|Videos|March 15, 2019

The Impact of <i>EGFR</i> TKI on Nonsquamous NSCLC

Benjamin Levy, MD: EGFR mutations have been emblematic of precision medicine in lung cancer. And also, precision medicine in all solid-tumor cancers. To be able to identify genetic alteration and then wed that genetic alteration to an oral targeted therapy has been changed a lot for our patients. The field within EGFR has evolved rapidly. We started out with first-generation and second-generation TKIs [tyrosine kinase inhibitors]—serlotinib, gefitinib, and afatinib were first. And we saw that these drugs, when you compare them with chemotherapy in patients with advanced-stage disease with EGFR mutations, these patients did better in terms of response rates and progression-free survivals, but perhaps most underrepresented in the literature is that they did better in terms of quality of life, which is so important for patients.

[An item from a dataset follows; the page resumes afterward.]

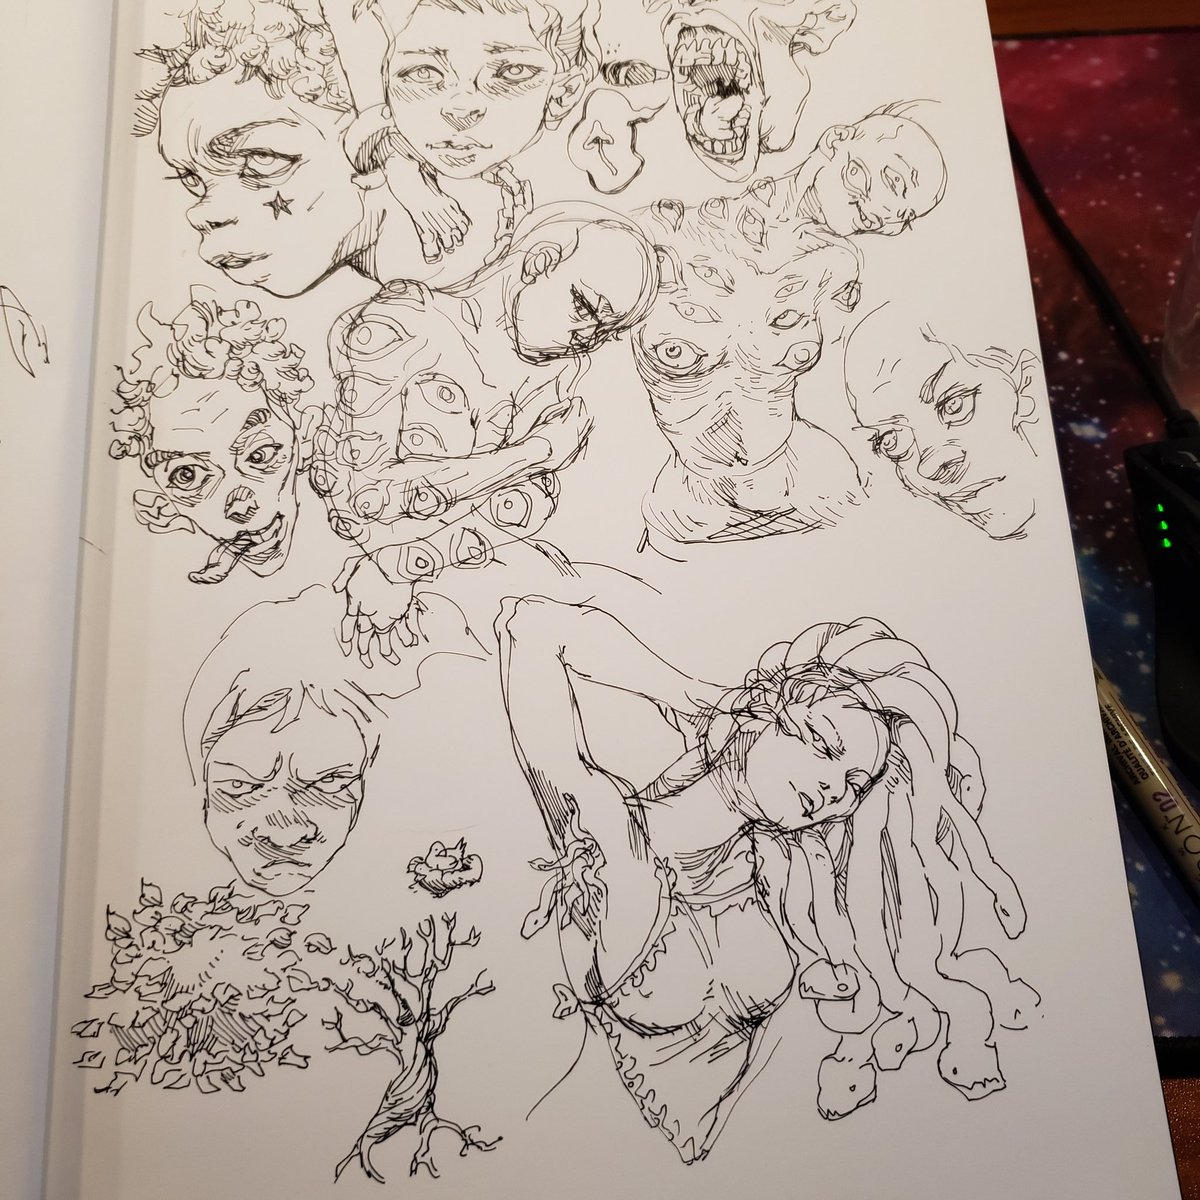 Some ink sketches from earlier

More recently we’ve had next-generation, or third-generation, TKIs. Osimertinib is that drug, a drug that was originally pitched as more of T790M drug, which is a resistant mutation but also now noted to have exquisite activity for sensitizing mutations. And of course now the FLAURA data comparing osimertinib with first-generation TKI for advanced adenocarcinoma patients with EGFR mutations has shown an improvement in progression-free survival, and in a trend toward overall survival that we very rarely see. So a lot of changes here. But I think for now it’s identifying an EGFR mutation helps drive decision making, and certainly I think osimertinib now has become the real preferred agent for these patients.

Now that we can identify genetic alterations within lung cancer, we are starting to use tyrosine kinase inhibitors first. And I think we should always use our first drug. We should always use our best drug first. And oftentimes our best drug has been tyrosine kinase inhibitors. This not only applies for EGFR but it of course applies for ALK, potentially BRAF and ROS as well. So it speaks, or underscores, the importance of comprehensive genomic profiling. There are a lot of questions, however. After you use the TKI, what do you do next?

And I think this is contingent, or the answer is contingent, on what specific genotype you’re talking about. If you’re talking about EGFR, for patients who are on osimertinib who then subsequently develop progression, we’re still trying to learn what the next-best option is. Is it chemotherapy? Is it another targeted drug? And this will be highly contingent on the mechanisms of resistance we identify, which we’re still trying to understand.

For ALK mutations, the same rules apply. We have a great first-line agent with alectinib. What to do after alectinib, we’re still trying to learn. All these drugs have moved so rapidly to the first line, so trying to understand what to do next has been a bit of a challenge and an unanswered question, but it’s a good challenge to have.